Whole Grains, Fruit, Vegetables, Tofu, Brown Rice, Baby Foods Among New Items for Nutrition Program for Pregnant and Postpartum Women and their Children Under Age Five

BOSTON – The Patrick-Murray Administration announced today that Massachusetts has revamped its Women, Infants and Children (WIC) nutrition program to reflect the latest science on healthy diets and address obesity. This is the first major change in food offerings to low-income women, infants and children in 34 years and will offer whole grains, low-fat milk, baby foods, fruits and vegetables, as well as stronger support for breastfeeding moms and babies.

“This enhanced nutrition program will supply low-income mothers and young children across our Commonwealth with access to nourishing foods, giving them the ability to make the smart choices that will keep them strong and healthy,” said Governor Deval Patrick.

“This exciting change advances WIC’s preventative public health nutrition role. WIC’s participation has been proven to reduce the national health care bill,” said Secretary Bigby. “In Massachusetts alone, for $1 invested in WIC, up to $3 is saved in Medicaid costs.”

Since 1974, the federal Special Supplemental Nutrition Program for Women, Infants and Children has helped combat childhood hunger, low birth weight, under-nutrition and iron deficiency anemia so that WIC participants have better health outcomes. However, the foods provided by WIC have not changed significantly since its inception in 1974, despite new dietary recommendations to eat less fat, more fiber, fewer calories, fewer sweetened beverages and more vegetables and fruits.

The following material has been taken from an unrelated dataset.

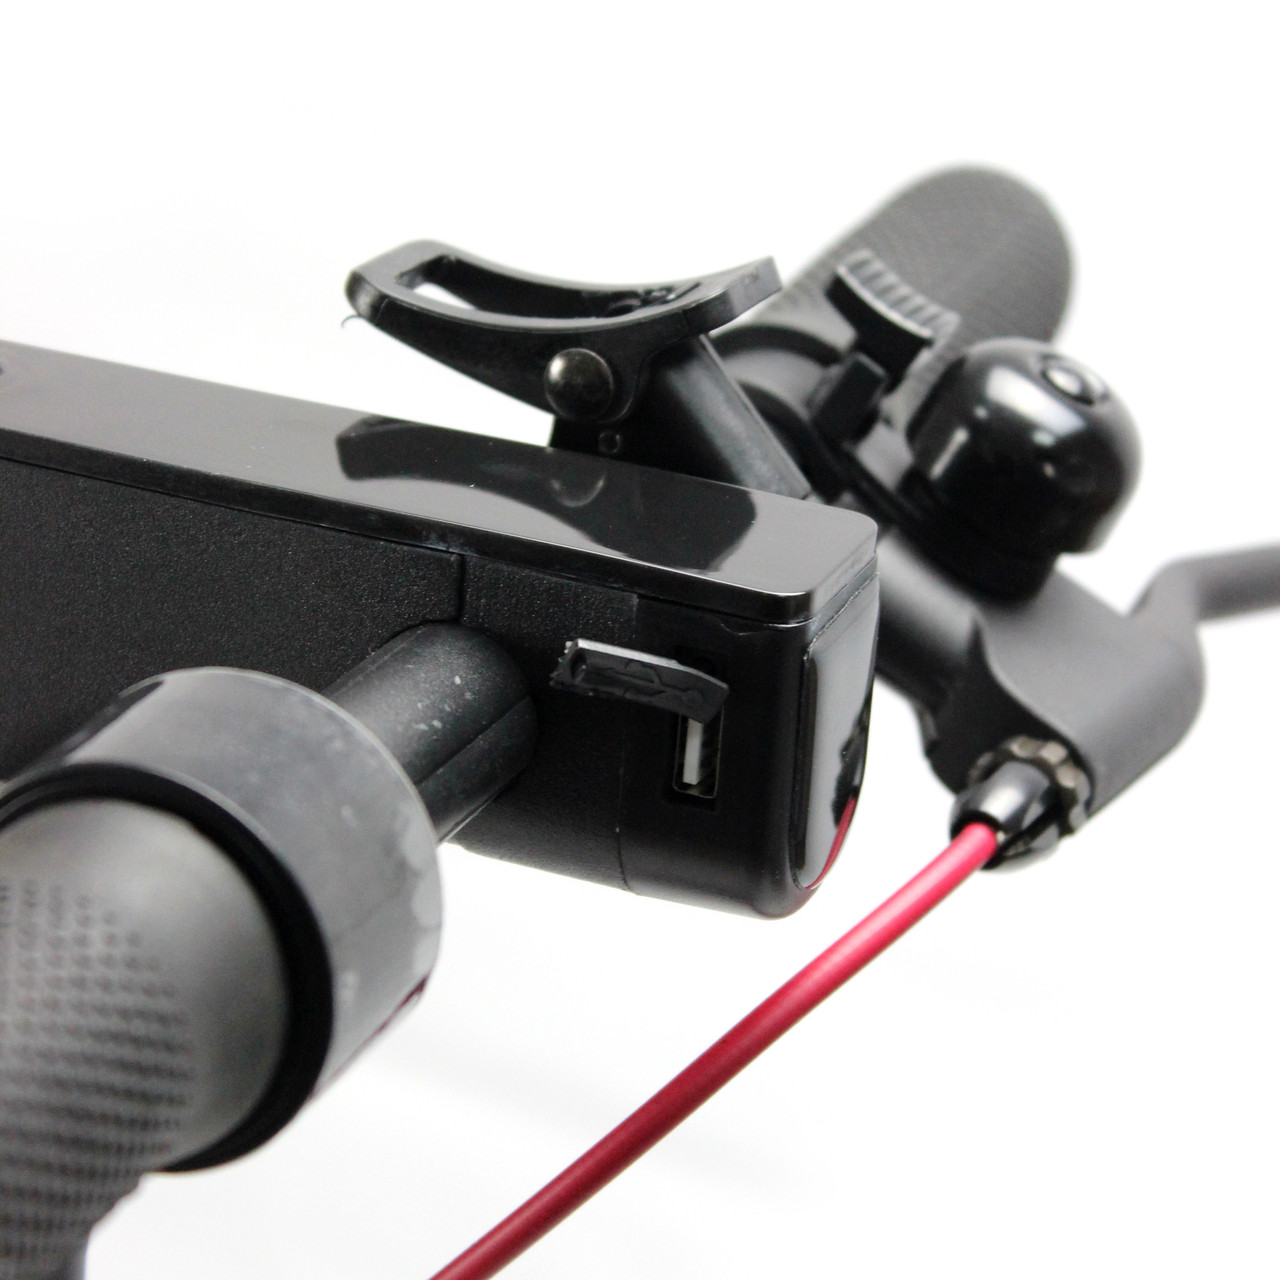 USB роз'єм для зарядки телефону на Електросамокат Crosser E9 MAX

“Almost one-third of our children are overweight or obese, with higher rates among black and Hispanic children,” said DPH Commissioner John Auerbach. “WIC has a long history of success, and is a great place for nutrition education to start. This change is coming at a time when childhood obesity is one of our greatest public health challenges.”

The New Foods available to WIC are whole grain cereals, whole grain breads, canned or dried beans, brown rice, tortillas, tofu, jarred baby foods and cash-value checks to purchase vegetables and fruits. Among the other changes are:

  • Low-or non-fat milk only. All women and children over the age of 2 now have a choice of non-fat (skim) or low-fat (1 percent) milk. Whole milk will only be issued to children who are between 12 and 24 months of age. These changes reflect WIC’s commitment to obesity prevention and provide a consistent message about healthy eating.
  • Vegetables and fruits added. Participants will be able to purchase fresh, frozen or canned vegetables and fruits. Baby vegetables and fruits are also being added.
  • Juice amounts adjusted. The amount of juice provided to women and children will be adjusted to reflect a recommended daily juice intake of no more then four ounces per day. Juice for infants has been eliminated. Excessive juice intake has been strongly associated with overweight and obesity.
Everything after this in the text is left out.